Machine Learning Models for Prediction of Sex Based on Lumbar Vertebral Morphometry

Diagnostics (Basel). 2023 Dec 8;13(24):3630. doi: 10.3390/diagnostics13243630.

Abstract

Background: Identifying skeletal remains has been and will remain a challenge for forensic experts and forensic anthropologists, especially in disasters with multiple victims or skeletal remains in an advanced stage of decomposition. This study examined the performance of two machine learning (ML) algorithms in predicting the person's sex based only on the morphometry of L1-L5 lumbar vertebrae collected recently from Romanian individuals. The purpose of the present study was to assess whether by using the machine learning (ML) techniques one can obtain a reliable prediction of sex in forensic identification based only on the parameters obtained from the metric analysis of the lumbar spine.

Method: This paper built and tuned predictive models with two of the most popular techniques for classification, RF (random forest) and XGB (xgboost). Both series of models used cross-validation and a grid search to find the best combination of hyper-parameters. The best models were selected based on the ROC_AUC (area under curve) metric.

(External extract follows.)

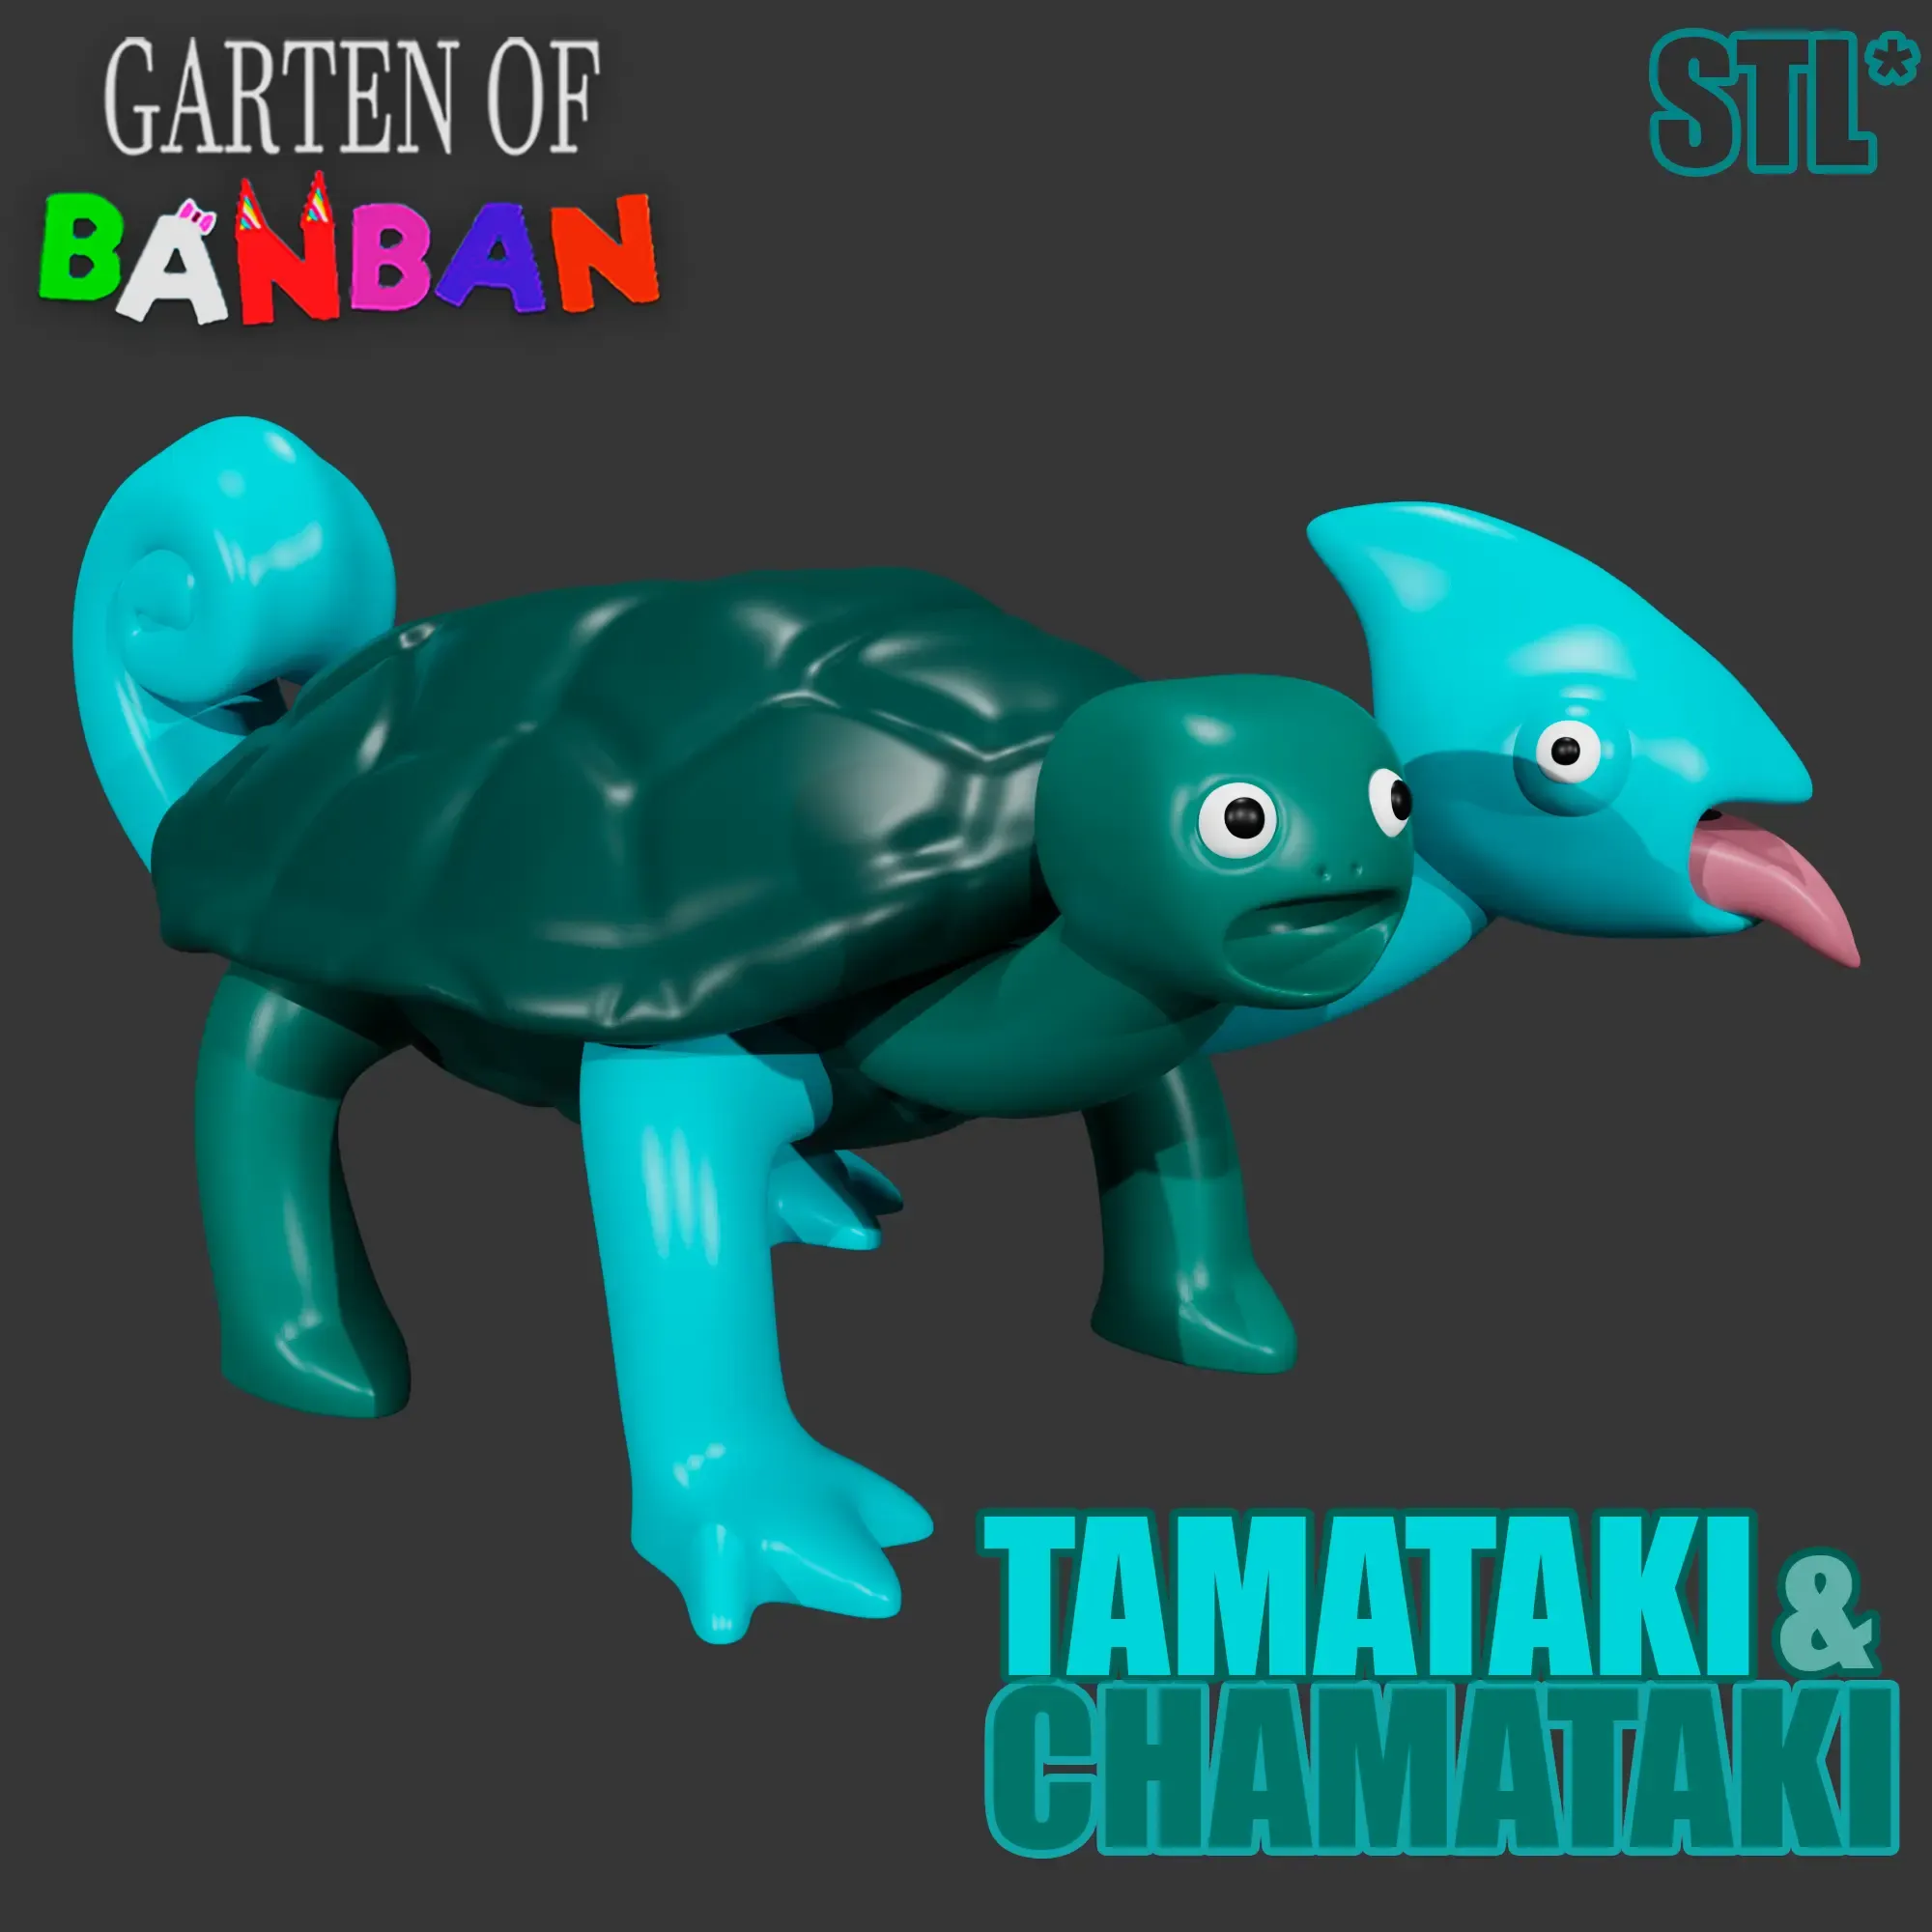 TAMATAKI & CHAMATAKI FROM GARTEN OF BANBAN 3 | FAN ART | BGG
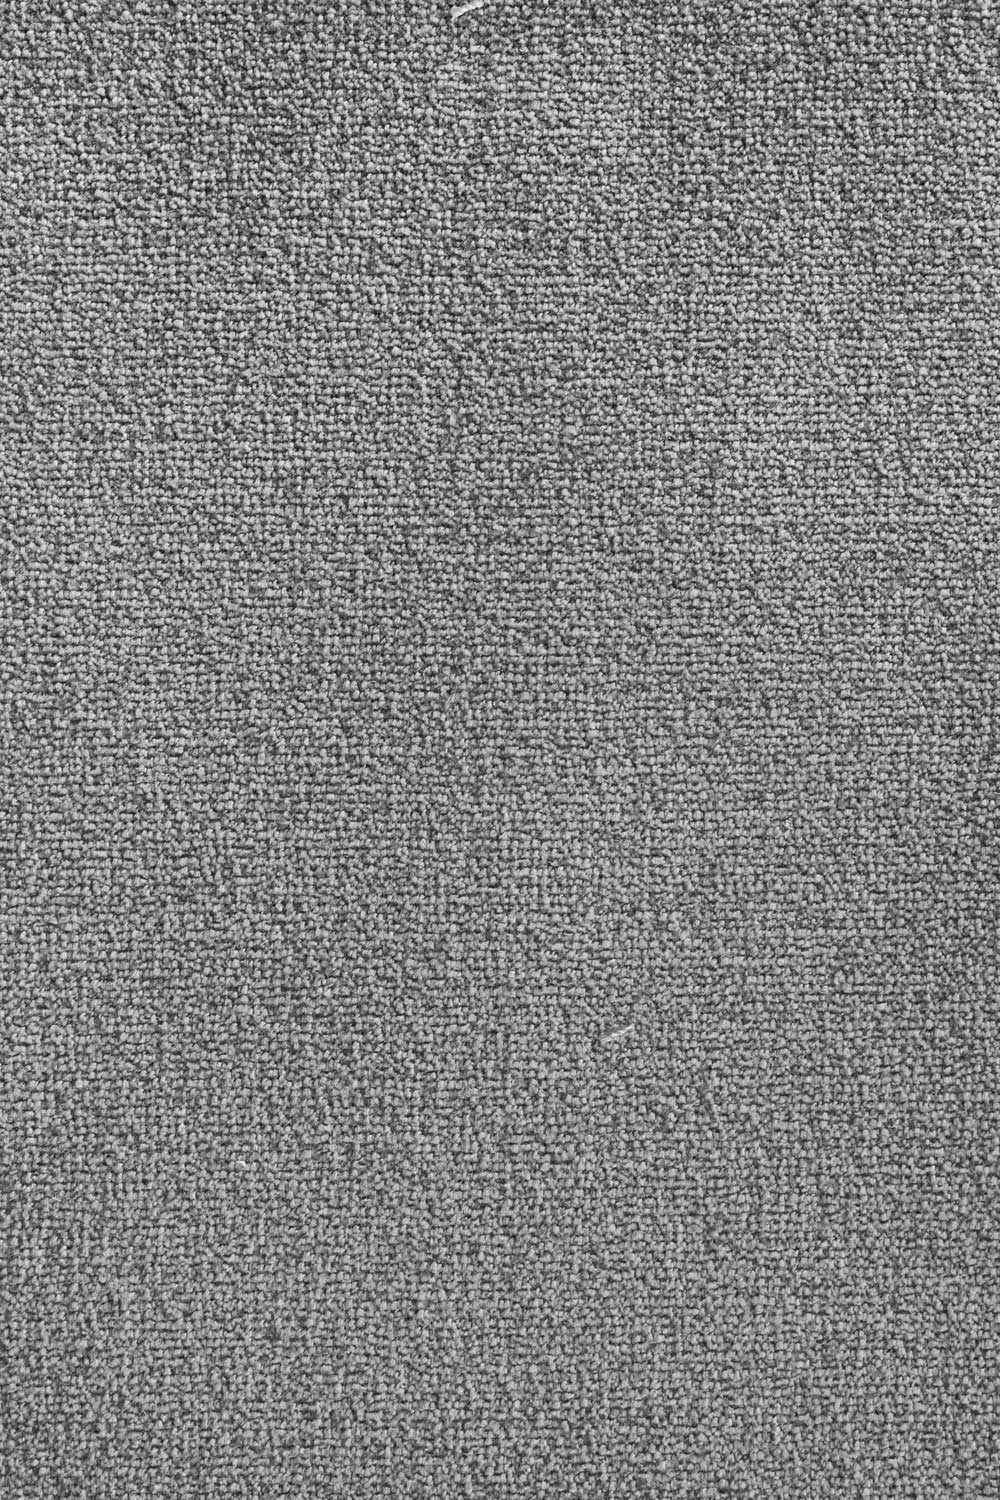 Metrážny koberec GODIVA 108 400 cm

Results: The L1-L5 lumbar vertebrae exhibit sexual dimorphism and can be used as predictors in sex prediction. Out of the eight significant predictors for sex, six were found to be particularly important for the RF model, while only three were determined to be important by the XGB model.

Conclusions: Even if the data set was small (149 observations), both RF and XGB techniques reliably predicted a person's sex based only on the L1-L5 measurements. This can prove valuable, especially when only skeletal remains are available. With minor adjustments, the presented ML setup can be transformed into an interactive web service, freely accessible to forensic anthropologists, in which, after entering the L1-L5 measurements of a body/cadaver, they can predict the person's sex.

Keywords: forensic identification; lumbar vertebral column; machine learning; sex identification.